Segment Start: Available data

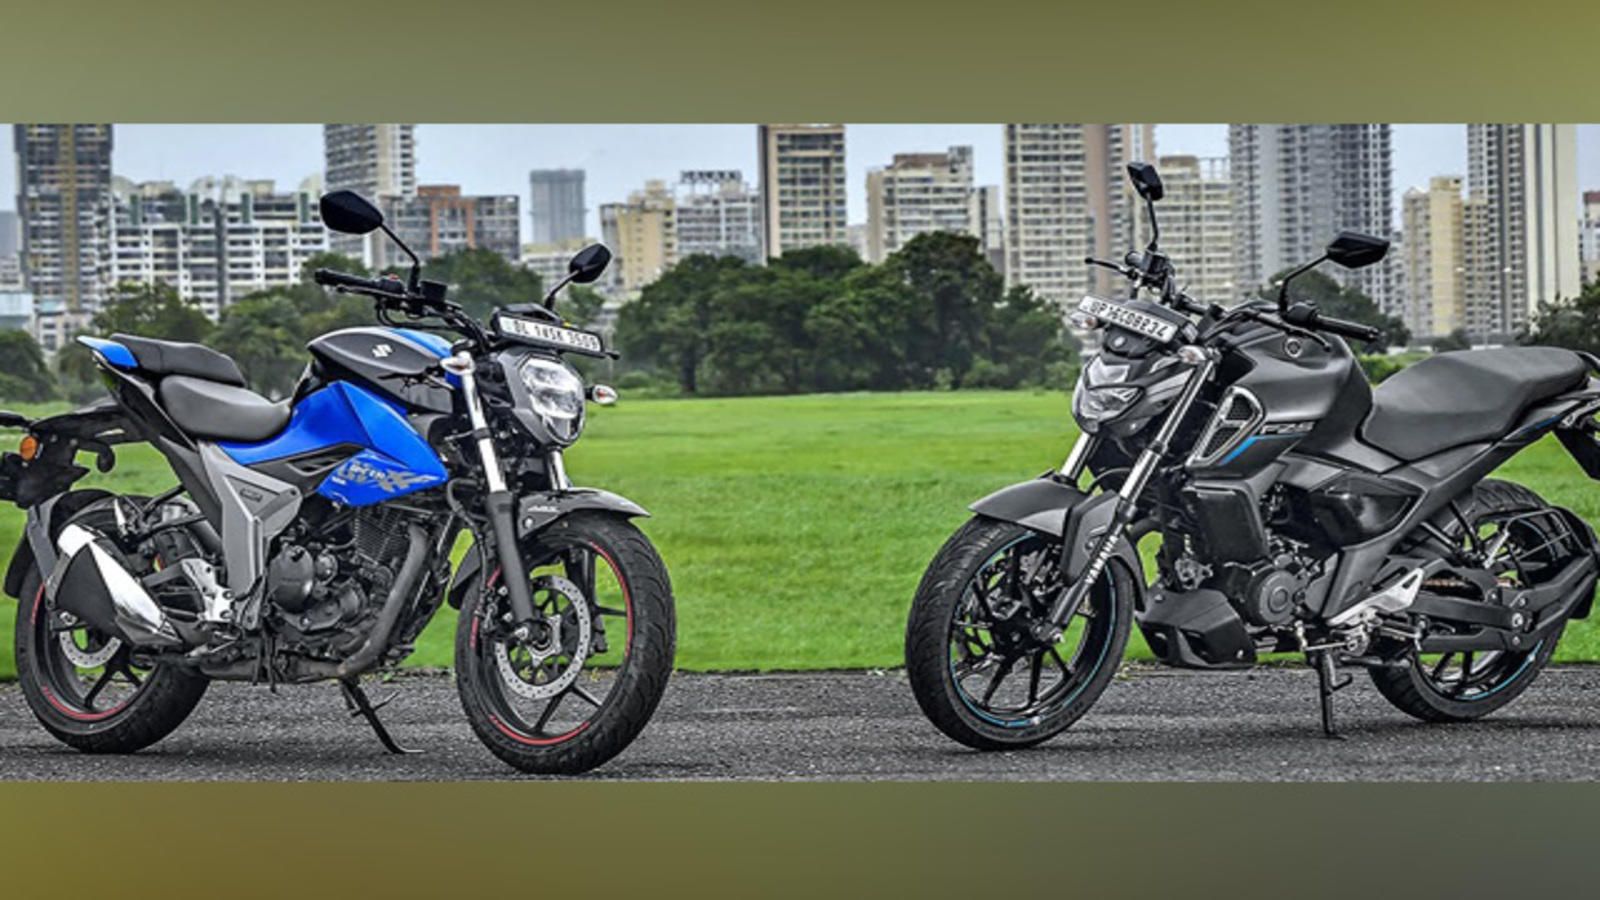 Autocar Show: 2019 Suzuki Gixxer Vs Yamaha FZ S V3.0 Economic Times Video
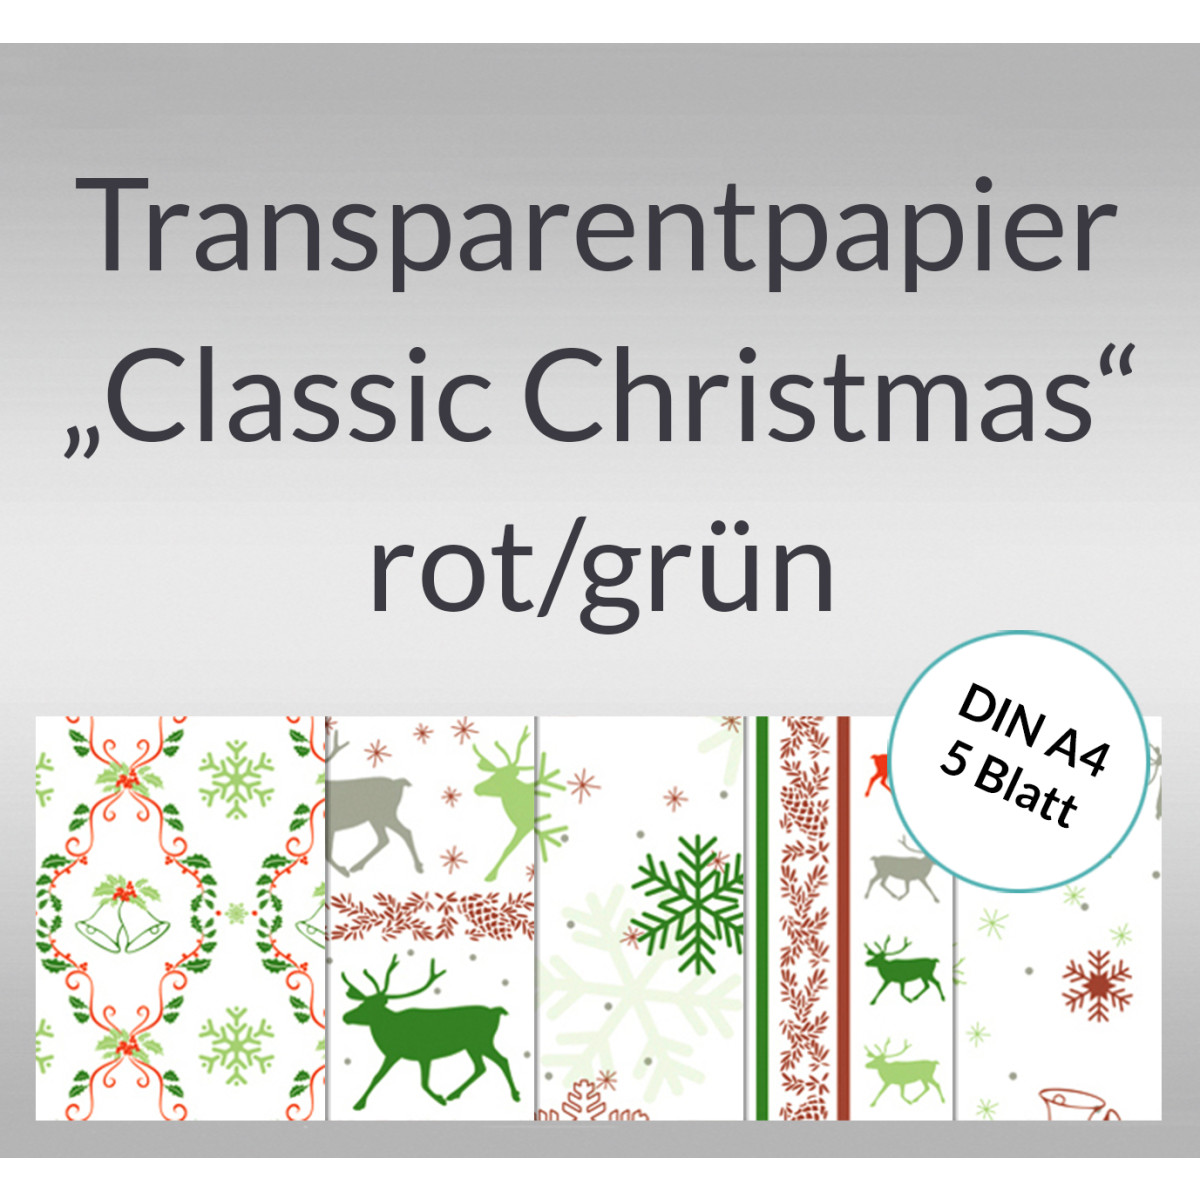 Transparentpapier "Classic Christmas" rot/grün DIN A4 - 5 Blatt
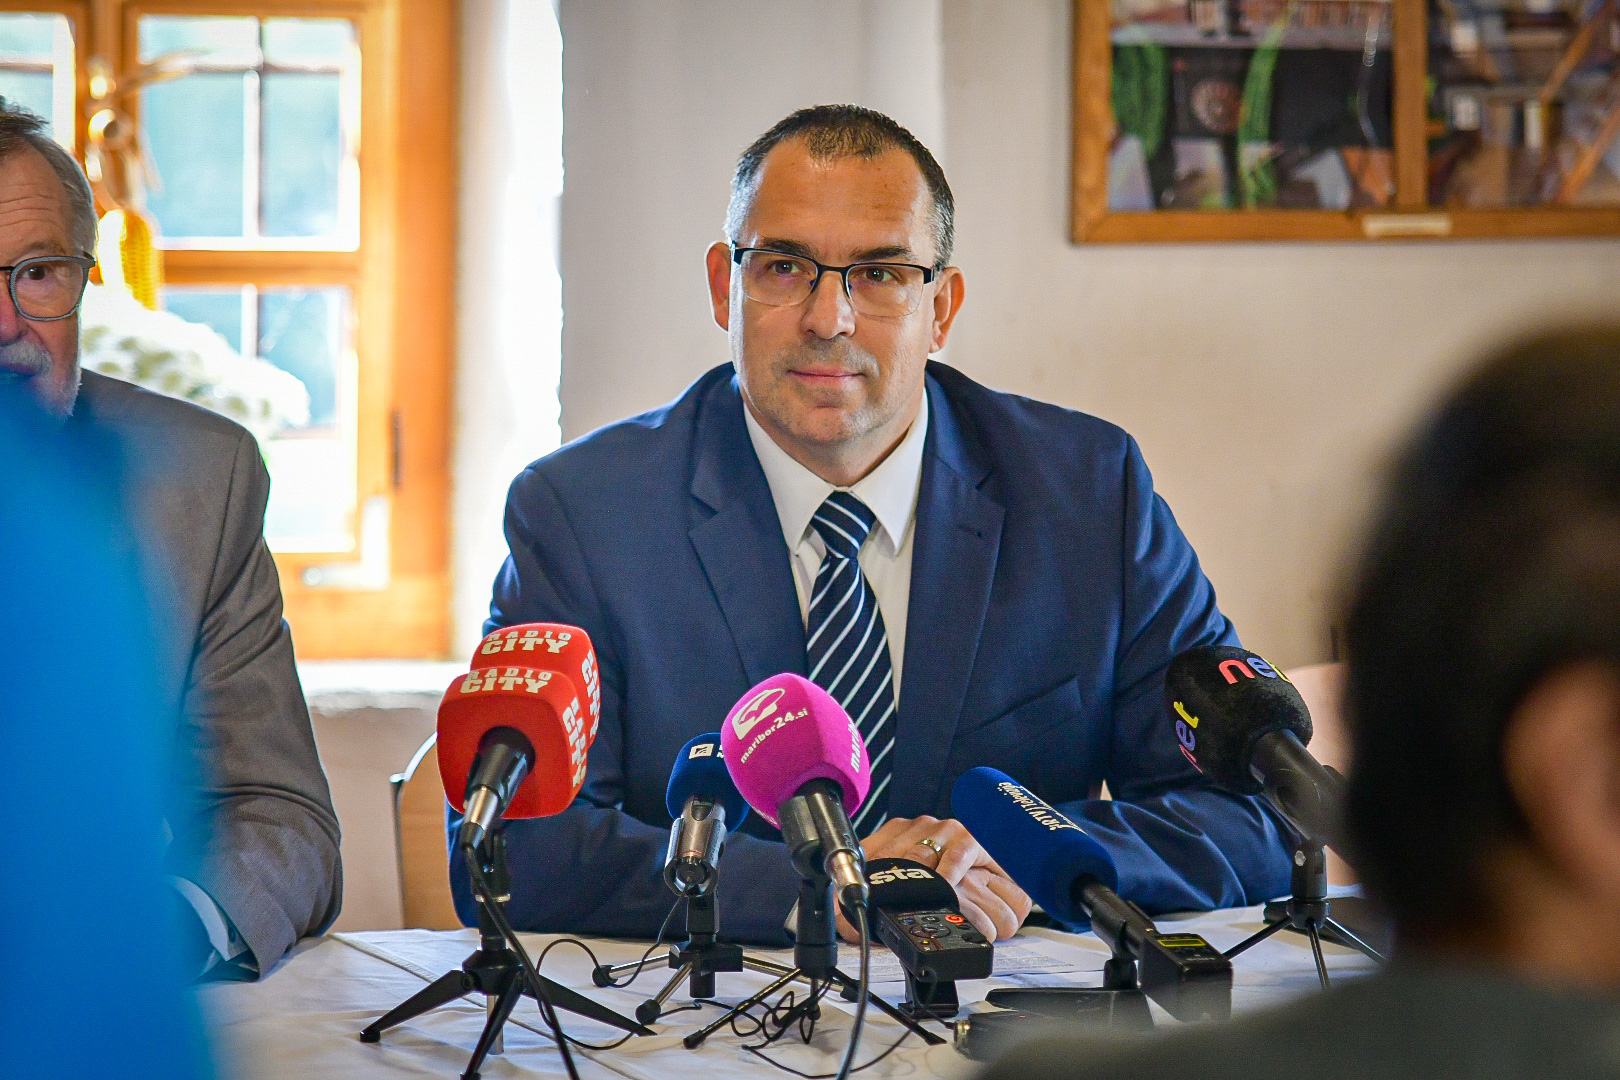 Mariborski poslanec otrokom v stiski doniral tisoč evrov
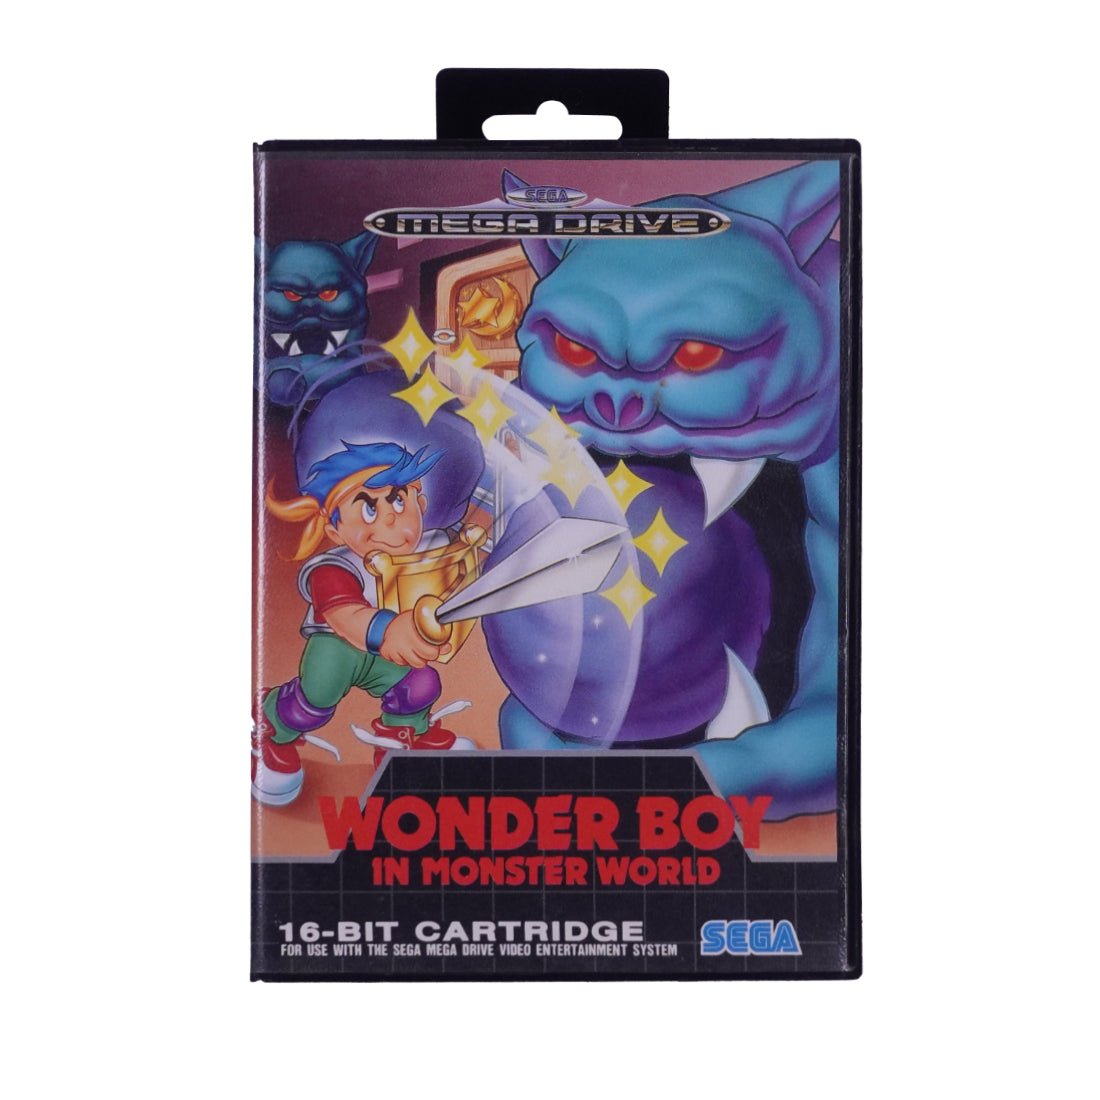 (Pre-Owned) Wonder Boy in Monster World - Sega Mega Drive - Store 974 | ستور ٩٧٤

Segment End: Available data

## [Work to be completed]
Give back an exact copy of the material above, omitting the pictures.

## [Reply to the task]
 Autocar Show: 2019 Suzuki Gixxer Vs Yamaha FZ S V3.0 Economic Times Video
 Transparentpapier "Classic Christmas" rot/grün DIN A4 - 5 Blatt
 Mariborski poslanec otrokom v stiski doniral tisoč evrov
 (Pre-Owned) Wonder Boy in Monster World - Sega Mega Drive - Store 974 | ستور ٩٧٤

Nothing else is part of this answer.